The DS, ES, FS, and GS registers point to four data segments. The availability of four data segments permits efficient and secure access to different types of data structures. For example, four separate data segments might be created: one for the data structures of the current module, another for the data exported from a higher-level module, a third for a dynamically created data structure, and a fourth for data shared with another program. To access additional data segments, the application program must load segment selectors for these segments into the DS, ES, FS, and GS registers, as needed.

The SS register contains the segment selector for the stack segment, where the procedure stack is stored for the program, task, or handler currently being executed. All stack operations use the SS register to find the stack segment. Unlike the CS register, the SS register can be loaded explicitly, which permits application programs to set up multiple stacks and switch among them.

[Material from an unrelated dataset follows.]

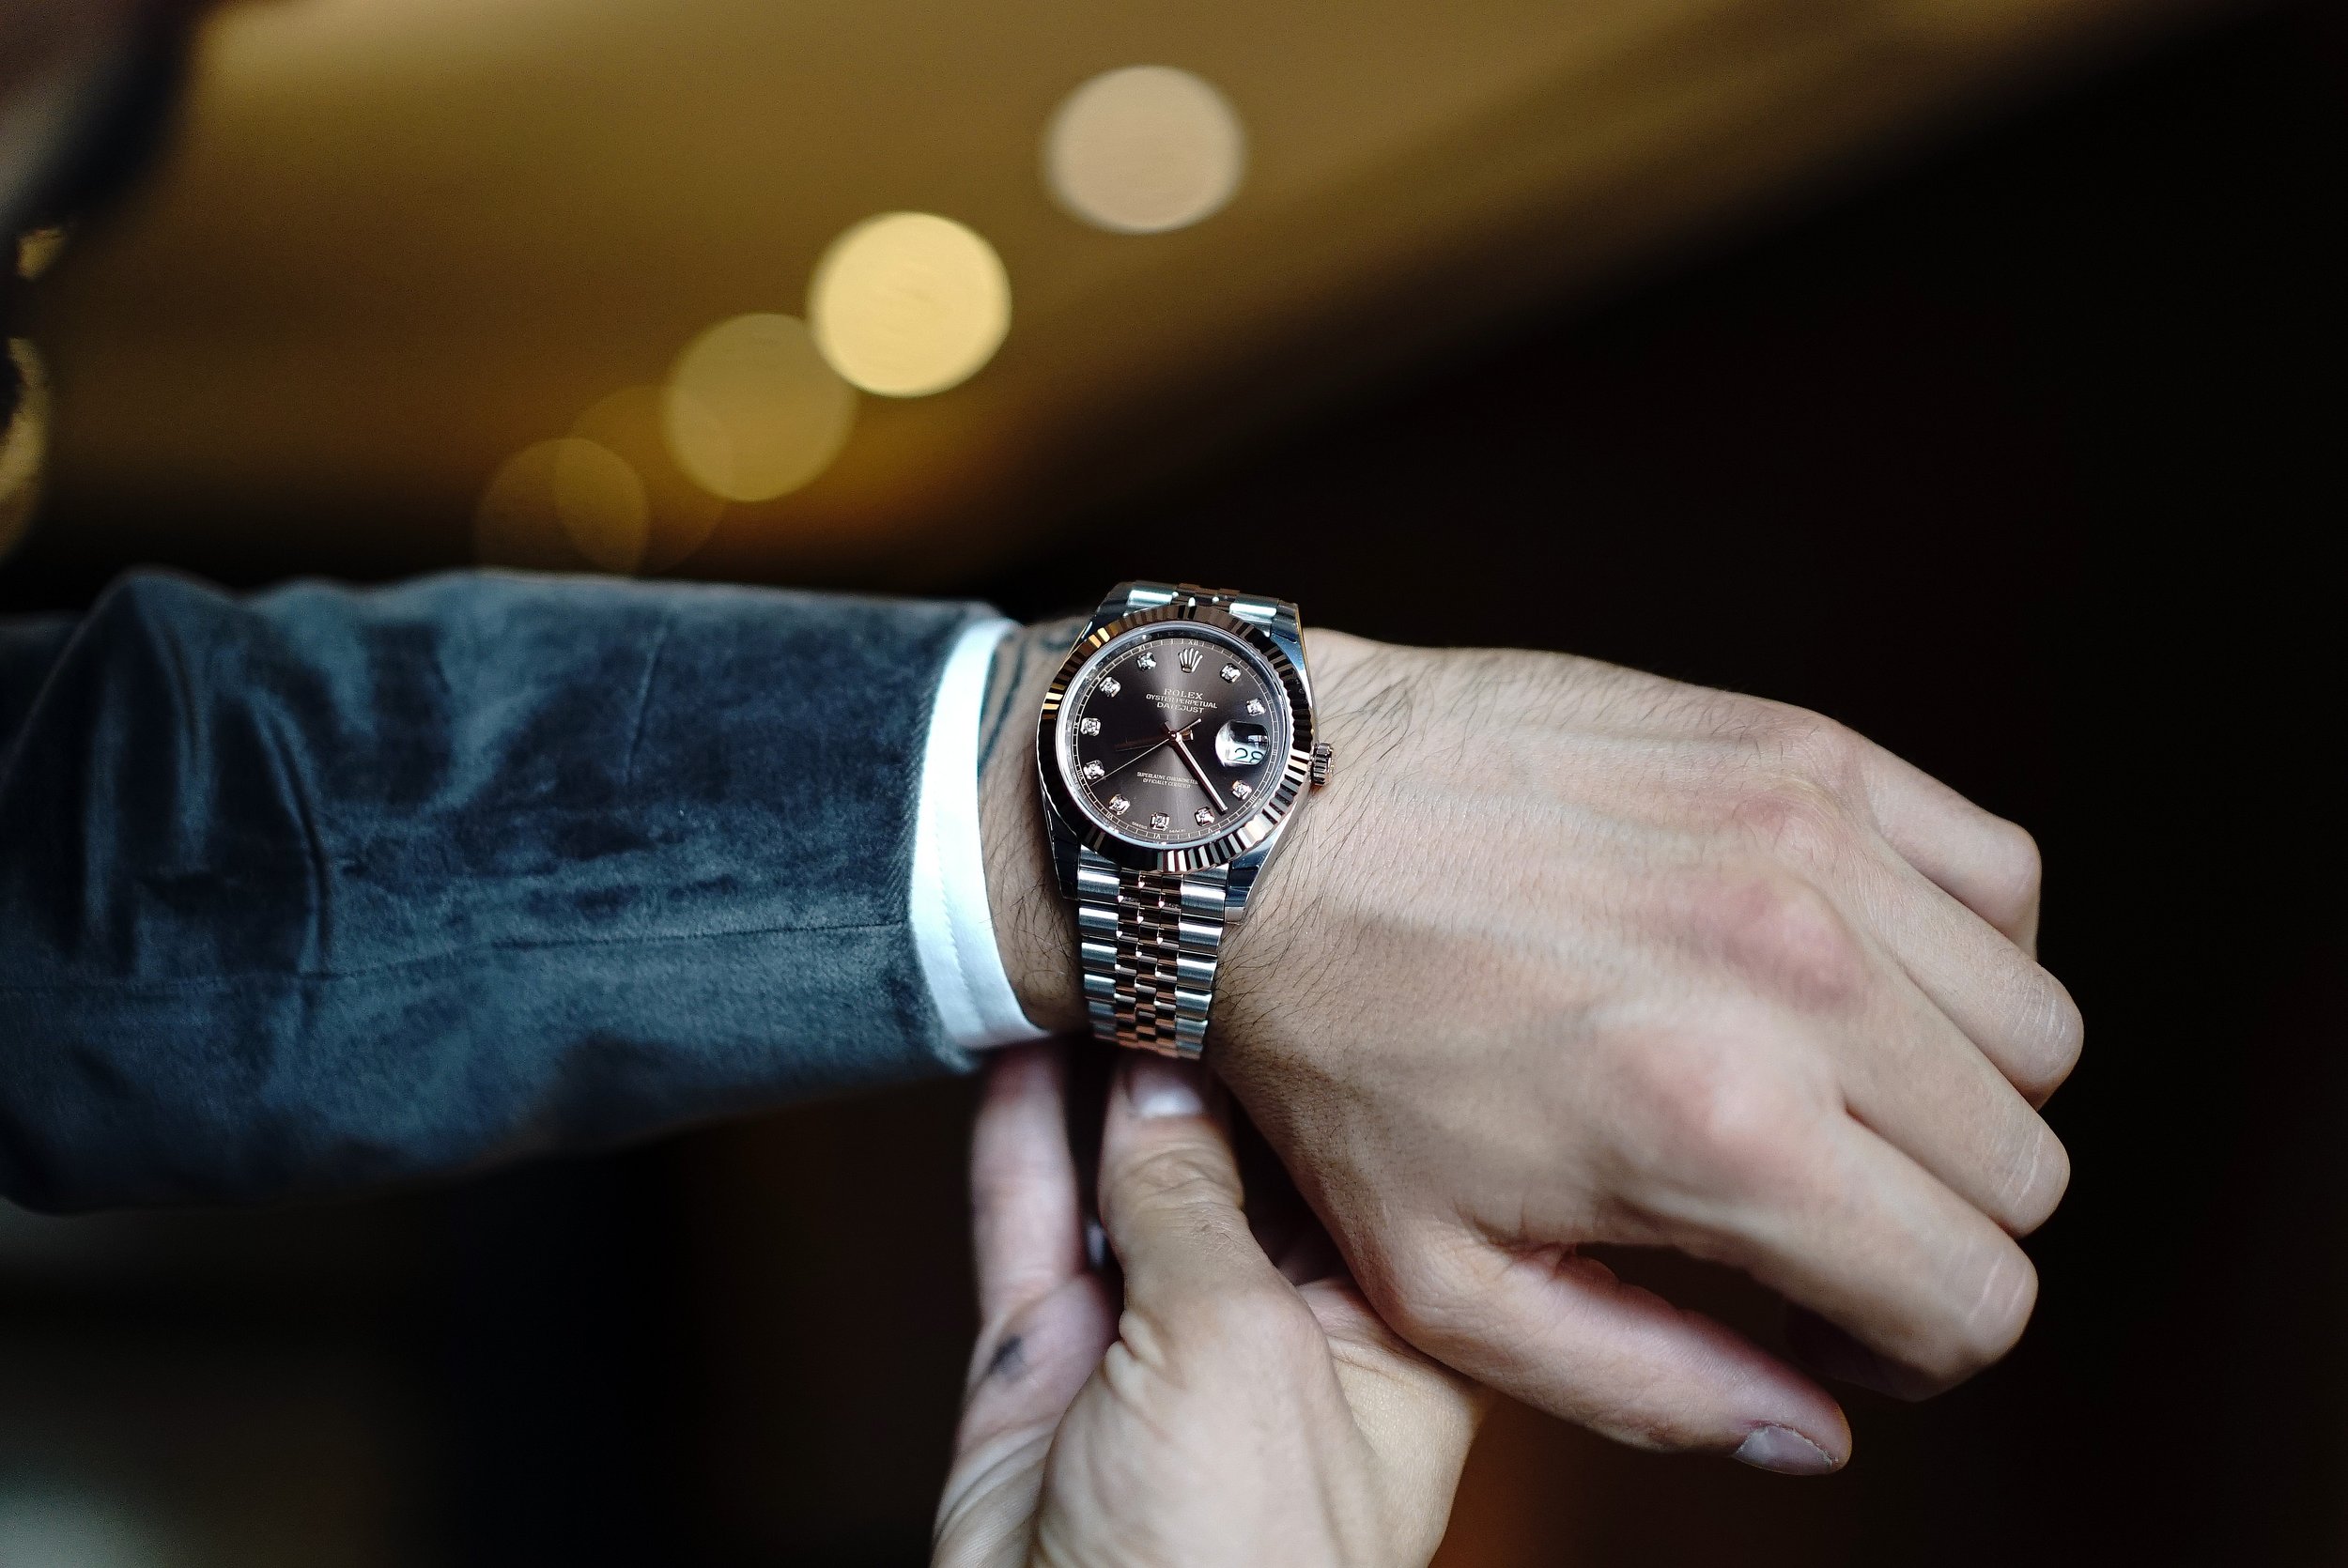 Rolex: The ideal watch brand for women? - Chrono24 Magazine

The four segment registers CS, DS, SS, and ES are the same as the segment registers found in the Intel 8086 and Intel 286 processors and the FS and GS registers were introduced into the IA-32 Architecture with the Intel386™ family of processors.

In 64-bit mode: CS, DS, ES, SS are treated as if each segment base is 0, regardless of the value of the associated segment descriptor base.This creates a flat address space for code, data, and stack. FS and GS are exceptions.Both segment registers may be used as additional base registers in linear address calculations (in the addressing of local data and certain operating system data structures).

EFLAGS Register

Following initialization of the processor (either by asserting the RESET pin or the INIT pin), the state of the EFLAGS register is 00000002H. Bits 1, 3, 5, 15, and 22 through 31 of this register are reserved. Software should not use or depend on the states of any of these bits.

Some of the flags in the EFLAGS register can be modified directly, using special-purpose instructions (described in the following sections). There are no instructions that allow the whole register to be examined or modified directly.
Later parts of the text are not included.